### Assignment
Each line of the material must be reproduced exactly; pictures stay out.

### Information provided

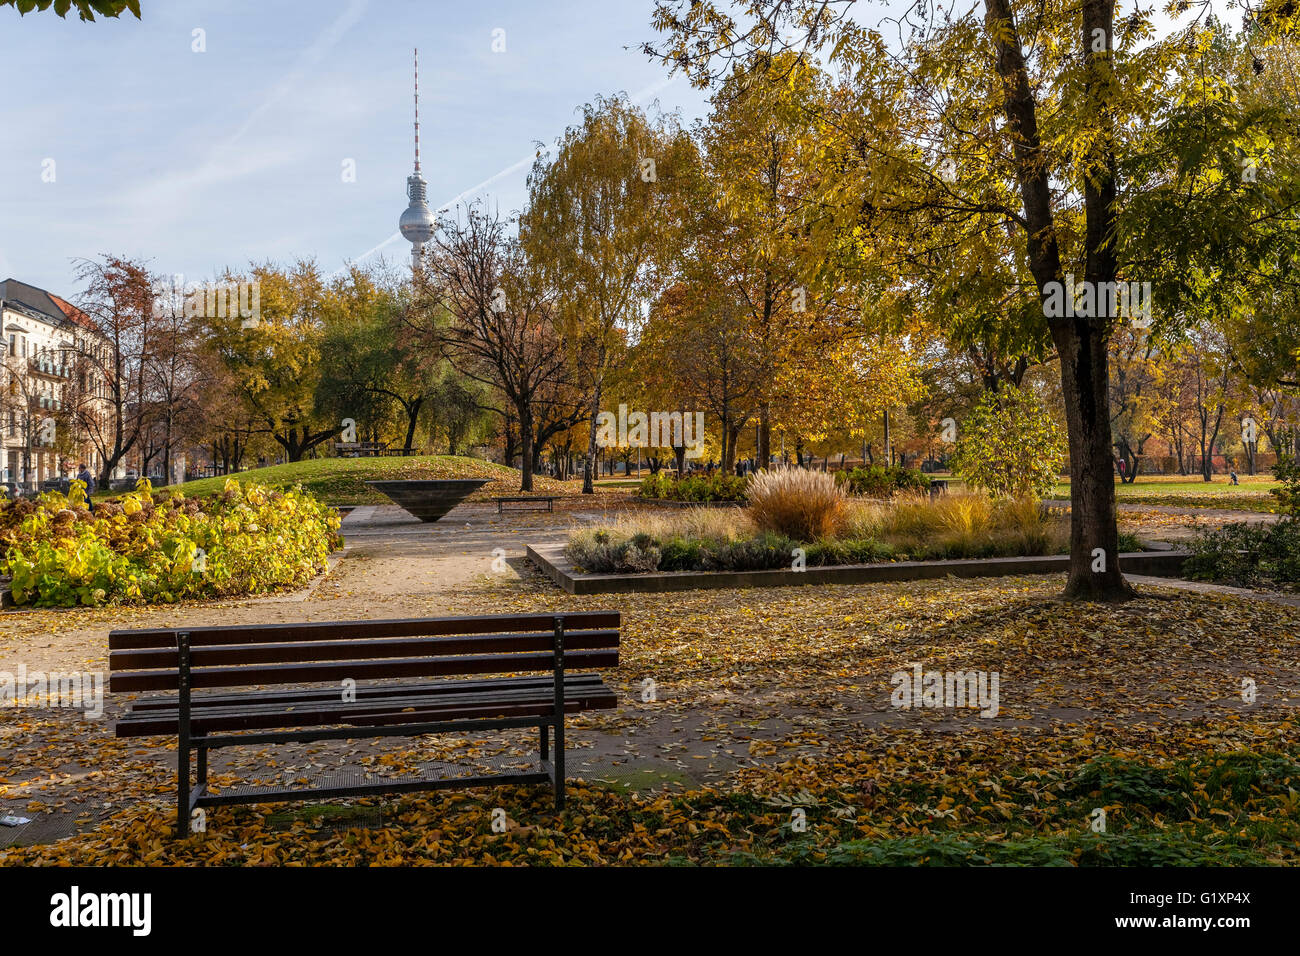 Bench in Monbijoupark in Berlin with Berliner Fernsehturm TV tower on the backgrond. Stock Photo
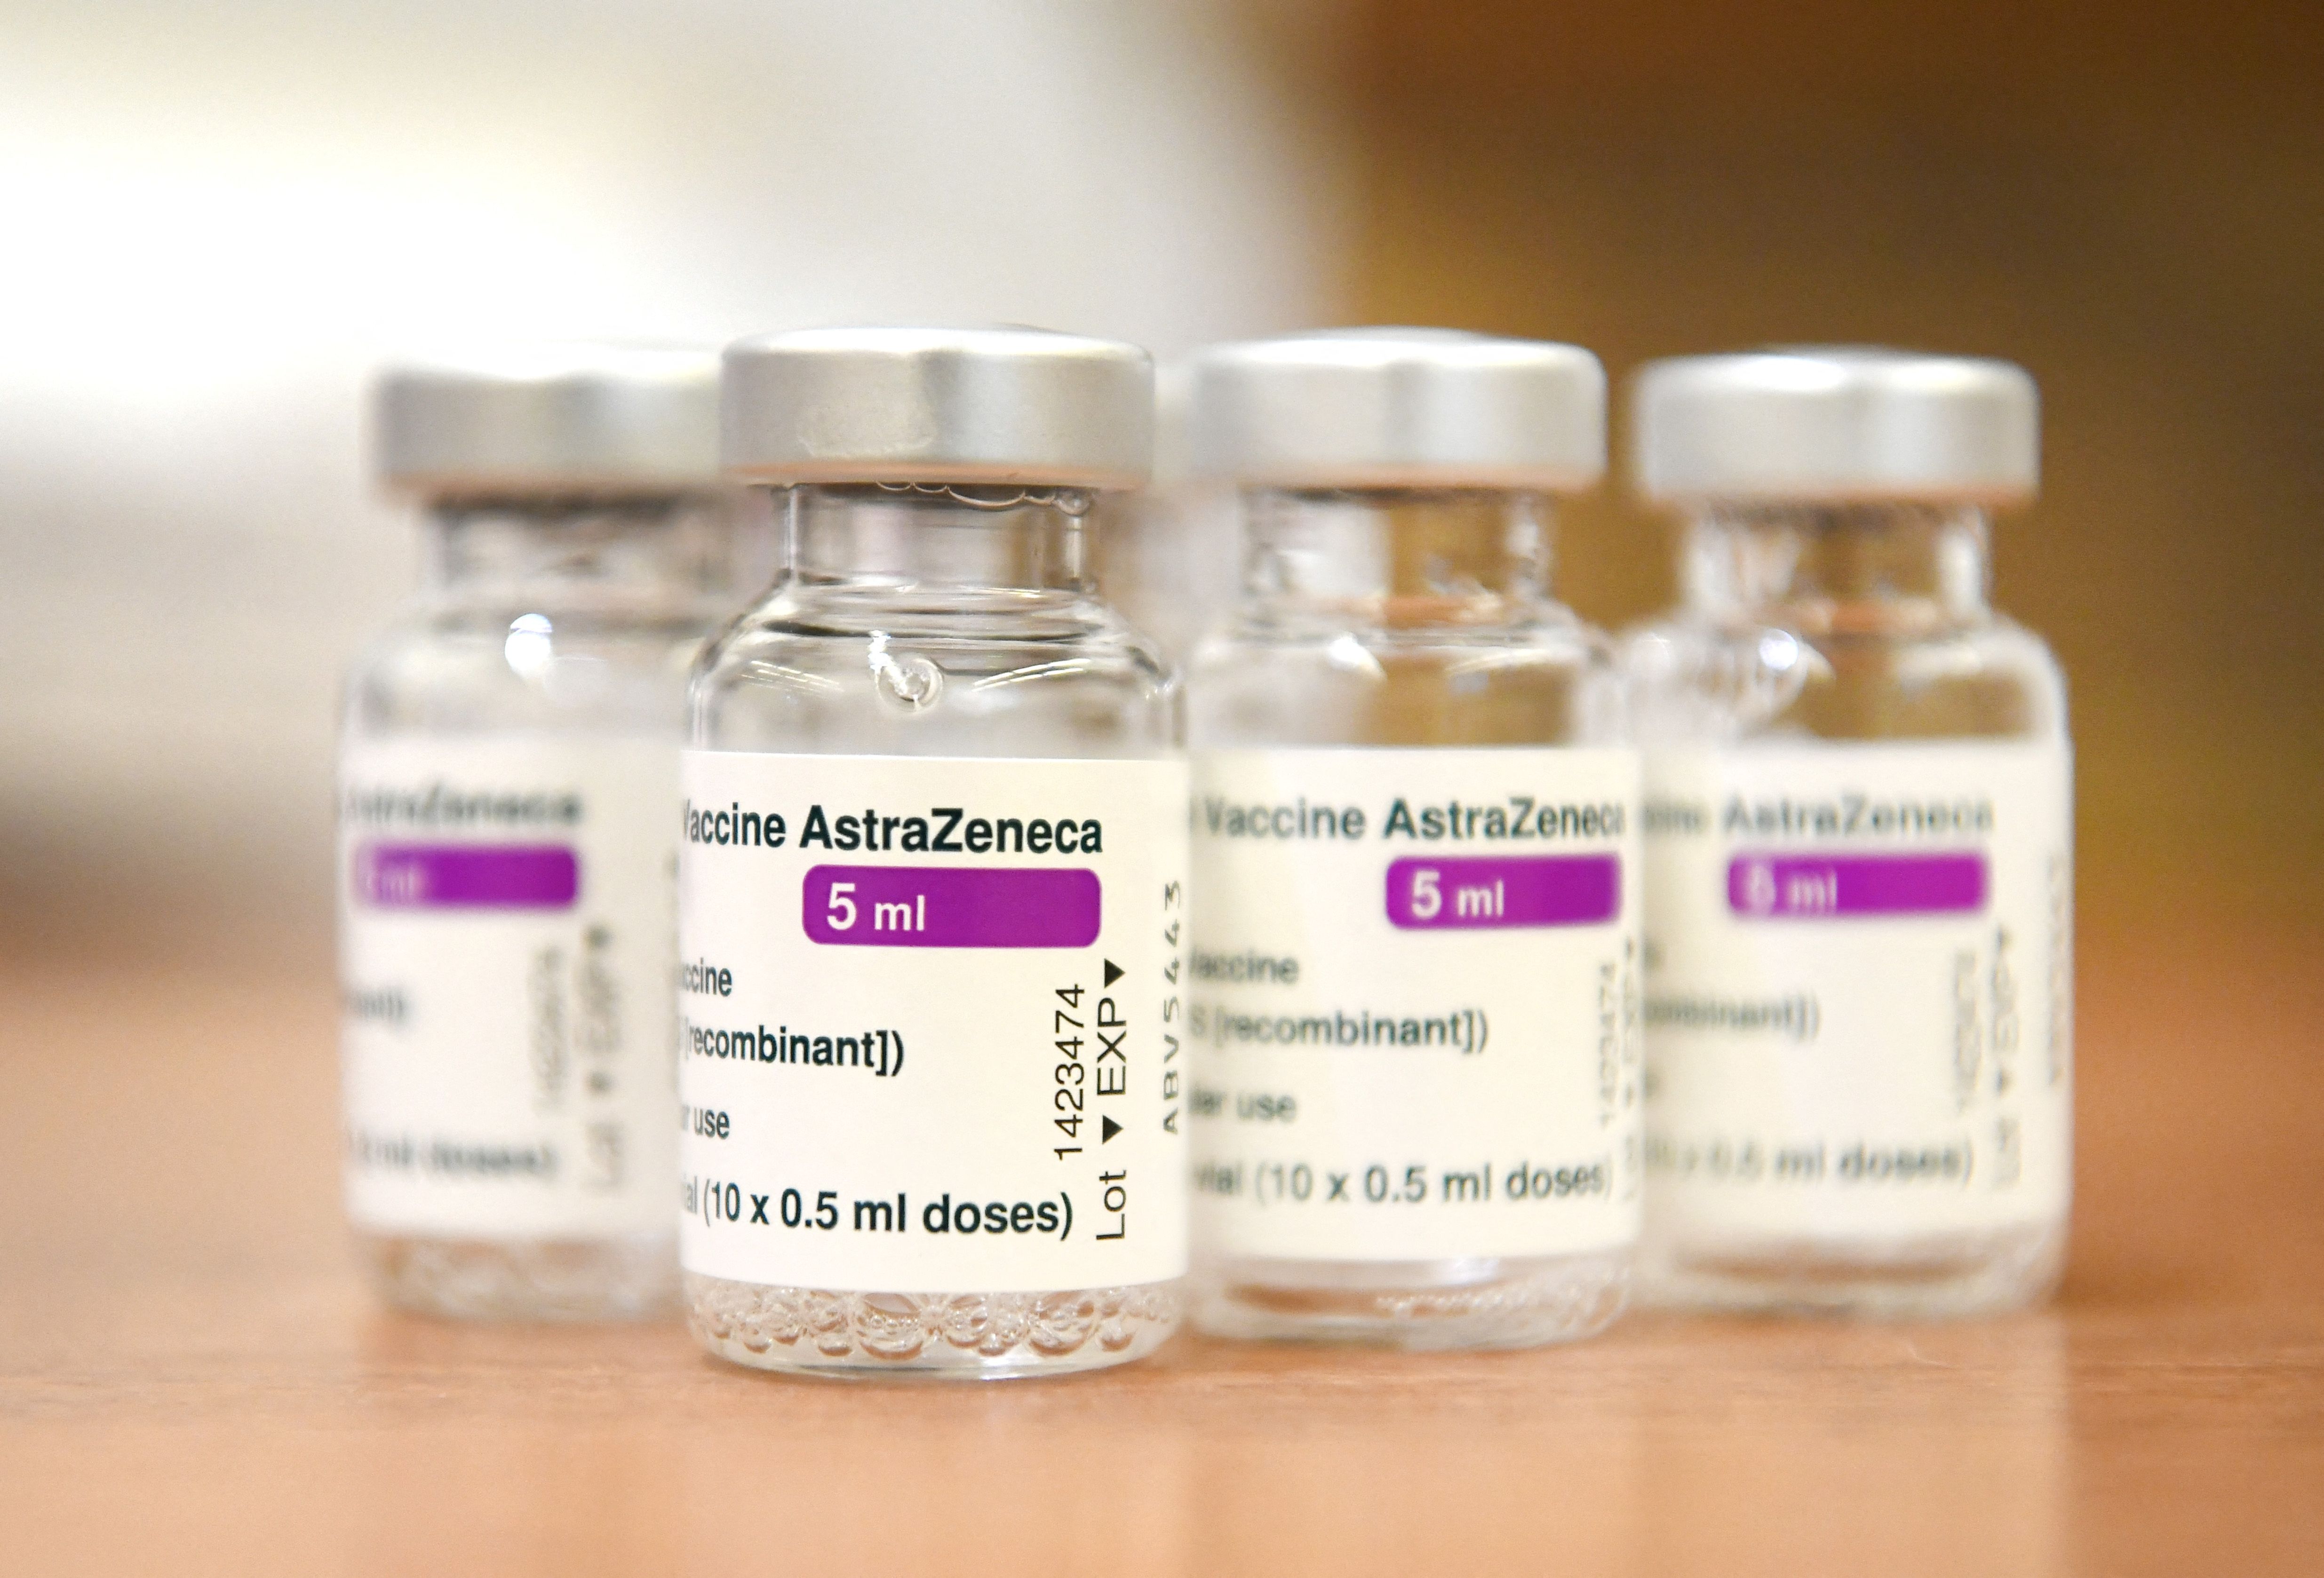 Vials of the AstraZeneca Covid-19 vaccine are seen on March 20, in Ede, Netherlands. 
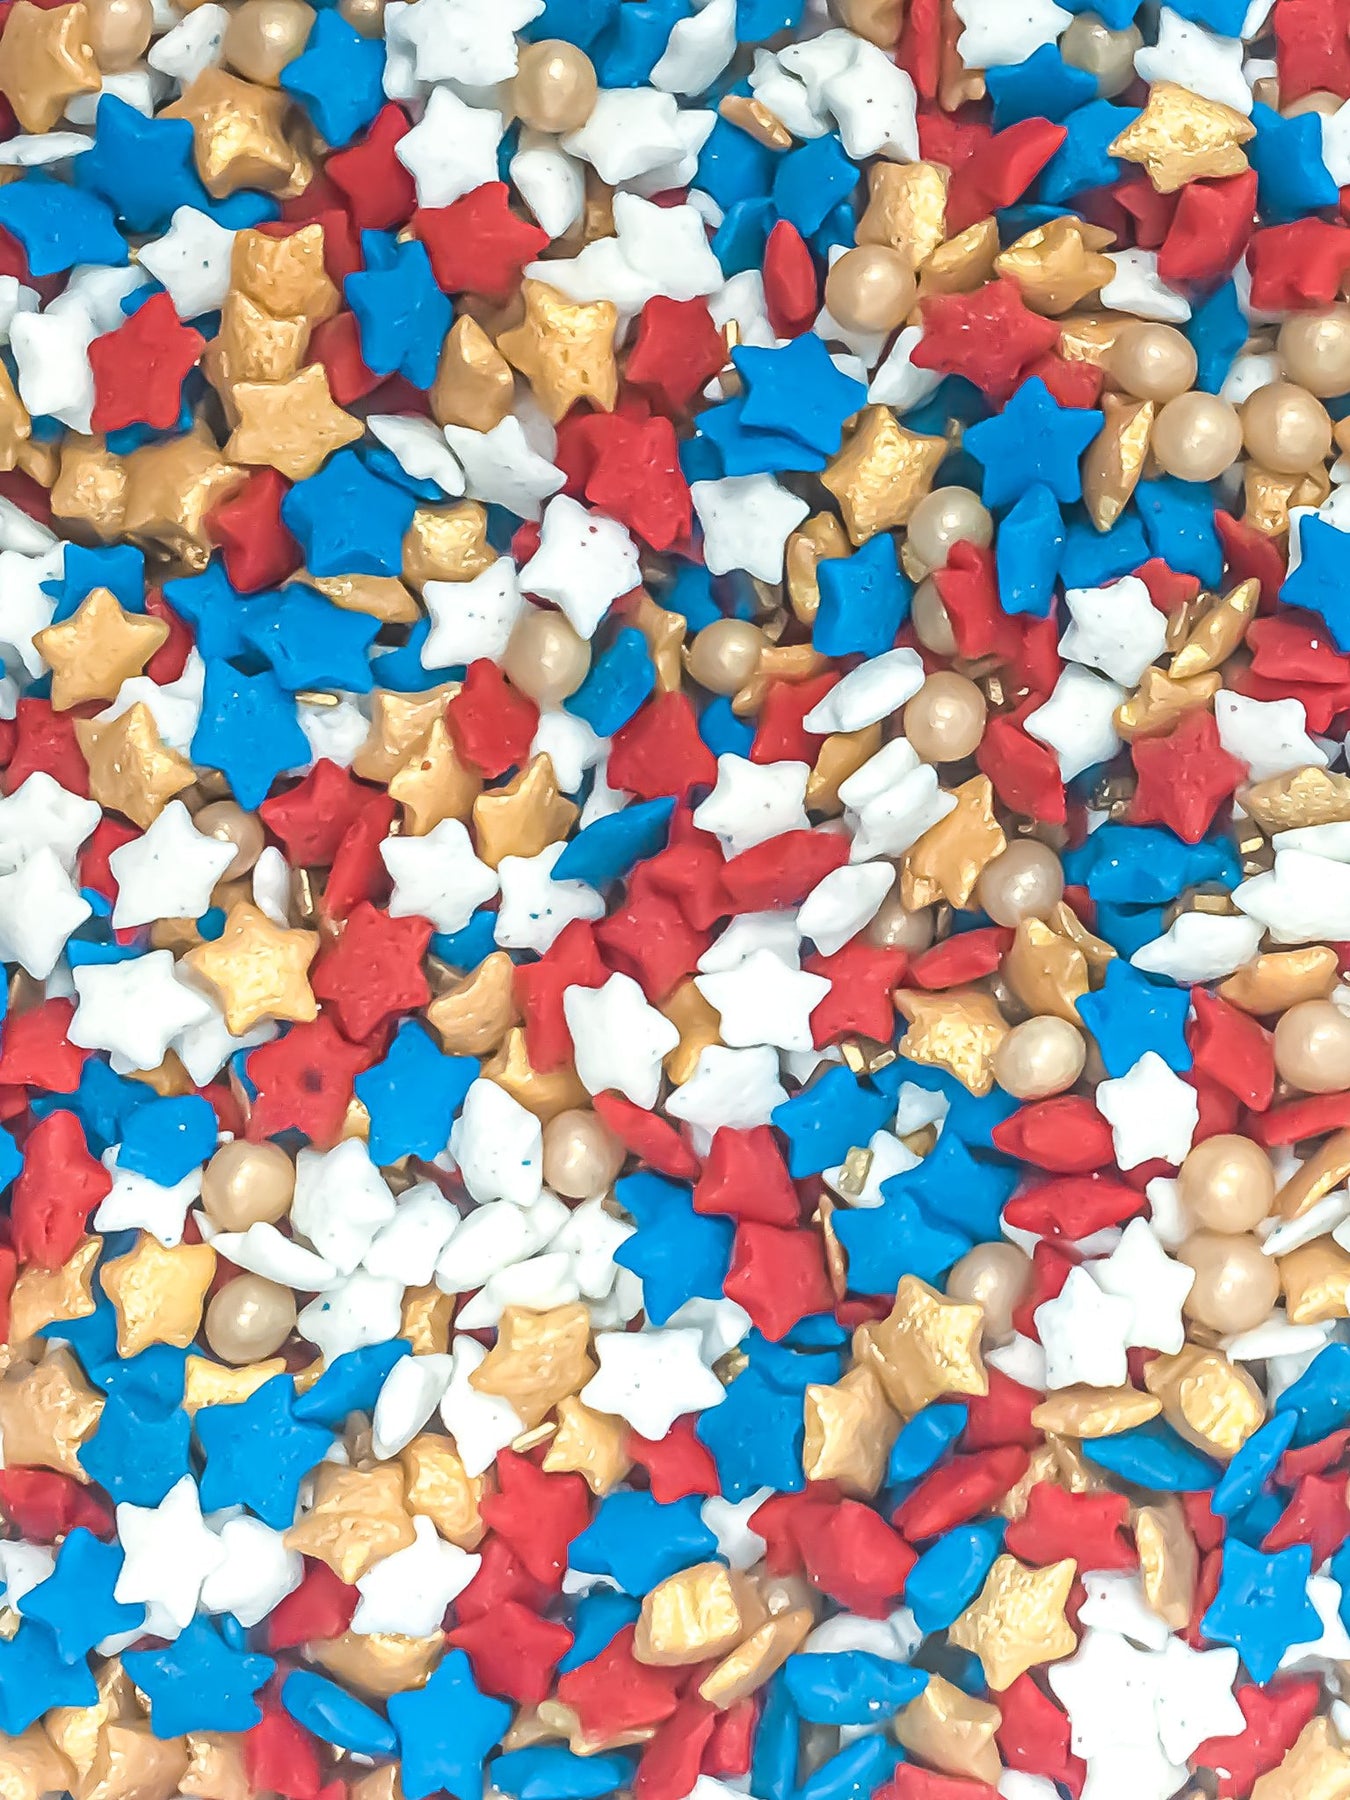 Memorial Day Sprinkles - Patriotic Star Sprinkles 10 Ounce - Fourth of July  - Red White and Blue Sprinkles for Cake Decorating

### Exercise output
 Bench in Monbijoupark in Berlin with Berliner Fernsehturm TV tower on the backgrond. Stock Photo
 Vials of the AstraZeneca Covid-19 vaccine are seen on March 20, in Ede, Netherlands. 
 Memorial Day Sprinkles - Patriotic Star Sprinkles 10 Ounce - Fourth of July  - Red White and Blue Sprinkles for Cake Decorating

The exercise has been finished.